China has for the first time included a chapter on marine development in a Five Year Plan. This emphasis on the marine economy presents both challenges and opportunities.

By Yang Fang

CHINA’S 12th Five-Year Plan, which was released in March 2011, has for the first time incorporated maritime development guidelines in a single chapter. The plan emphasises an optimal marine industry structure that includes exploiting and utilising marine resources rationally and scientifically, enhancing maritime development, and improving control and management capabilities.

The call for development of the marine economy is in line with China’s growing maritime interests. During the course of the 11th Five-Year Plan, China’s marine economy increased by 13.5%. However, this increase accounts for no more than 10% of the national GDP. In the years to come, the Chinese government will transform the national economy into a more marine-based one. Coastal provinces have increased investment in marine industries and programmes to promote the marine economy. The country’s coastal provinces and municipalities – Liaoning, Hebei, Tianjin, Shandong, Jiangsu, Shanghai, Zhejiang, Fujian, Guangdong, Guangxi and Hainan – all have their own offshore development plans.

However, many challenges lie in the way of such progress. These include the increasing demand for resources and the need to expand the size and role of law enforcement agencies at sea, which involve risks of confrontation with foreign ships.

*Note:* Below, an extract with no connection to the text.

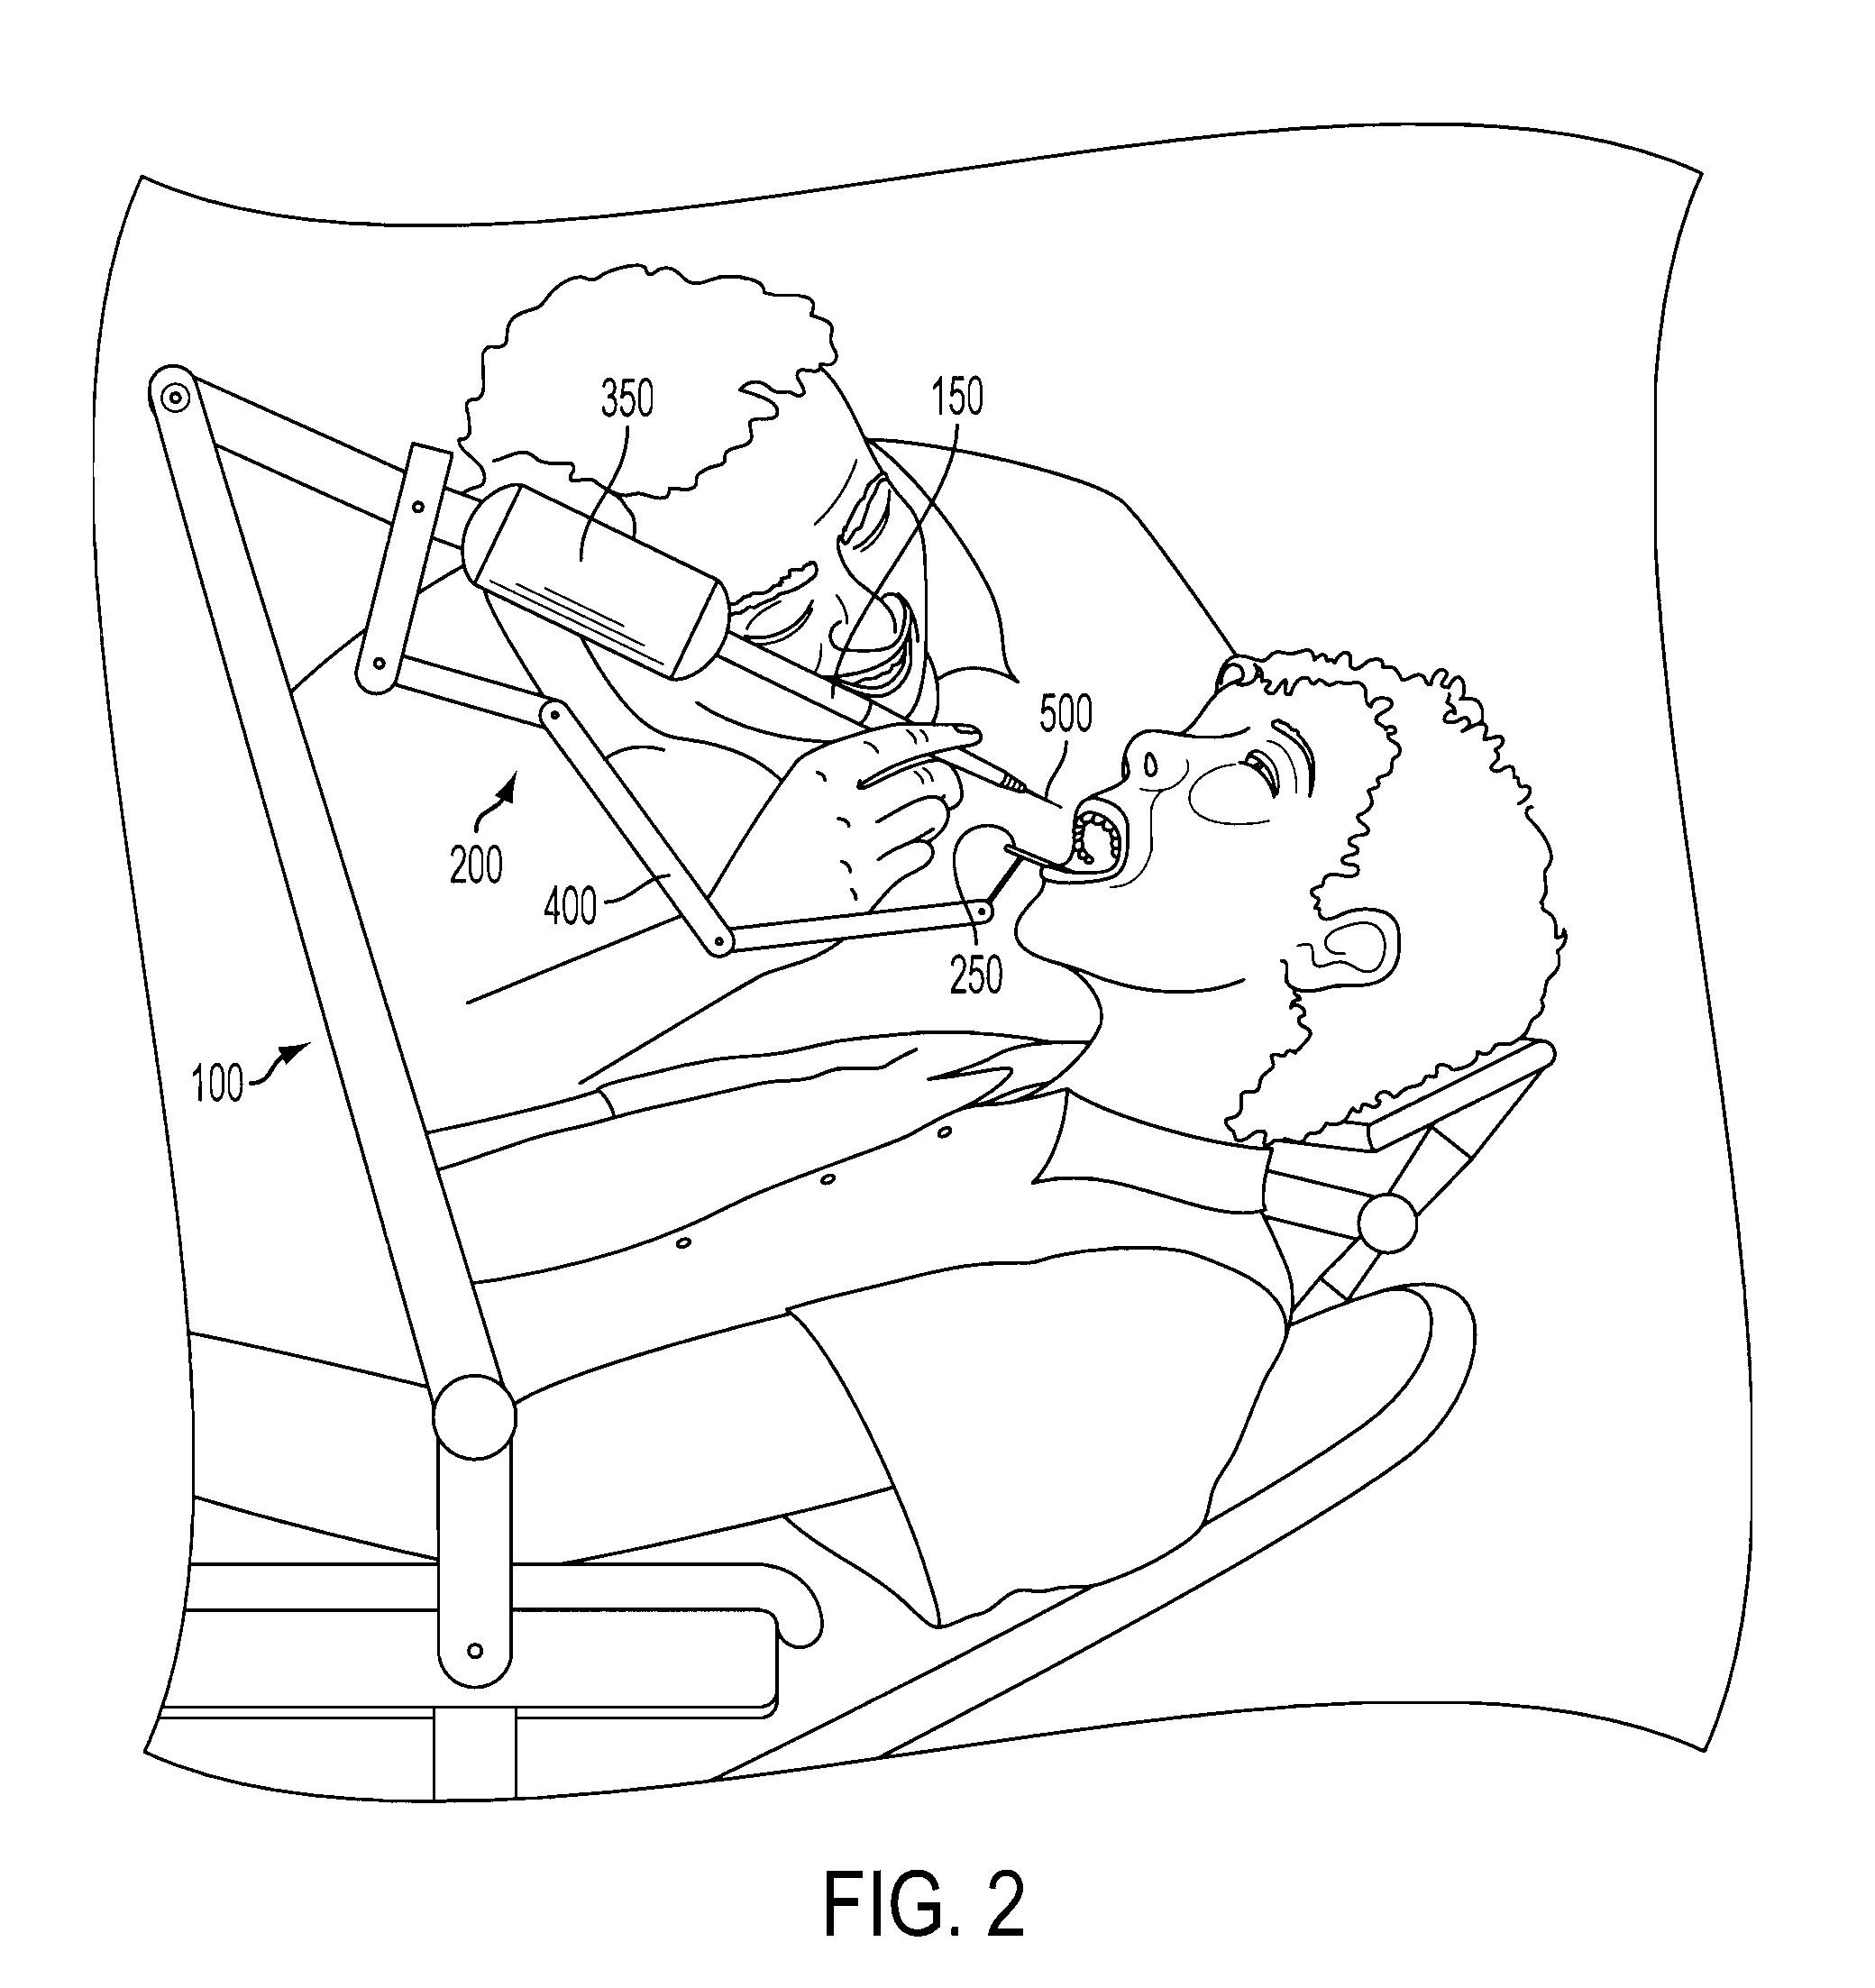 Guided dental implantation system and associated device and method

Intensified Search for Energy


China is heavily dependent on energy and other resources to fuel its rapid economic growth. To ensure the sustainability of energy resources, the country is searching intensively for offshore sources to reduce dependence on foreign imports. State-owned energy companies are pushed to explore oil and gas in deeper and broader waters offshore. Most notably, the China National Offshore Oil Corporation (CNOOC), the biggest offshore oil and gas producer in China, has launched the most advanced oil and gas drilling platform CNOOC981 in June 2011, enabling the drilling of oil and gas in waters up to 3000 meters deep.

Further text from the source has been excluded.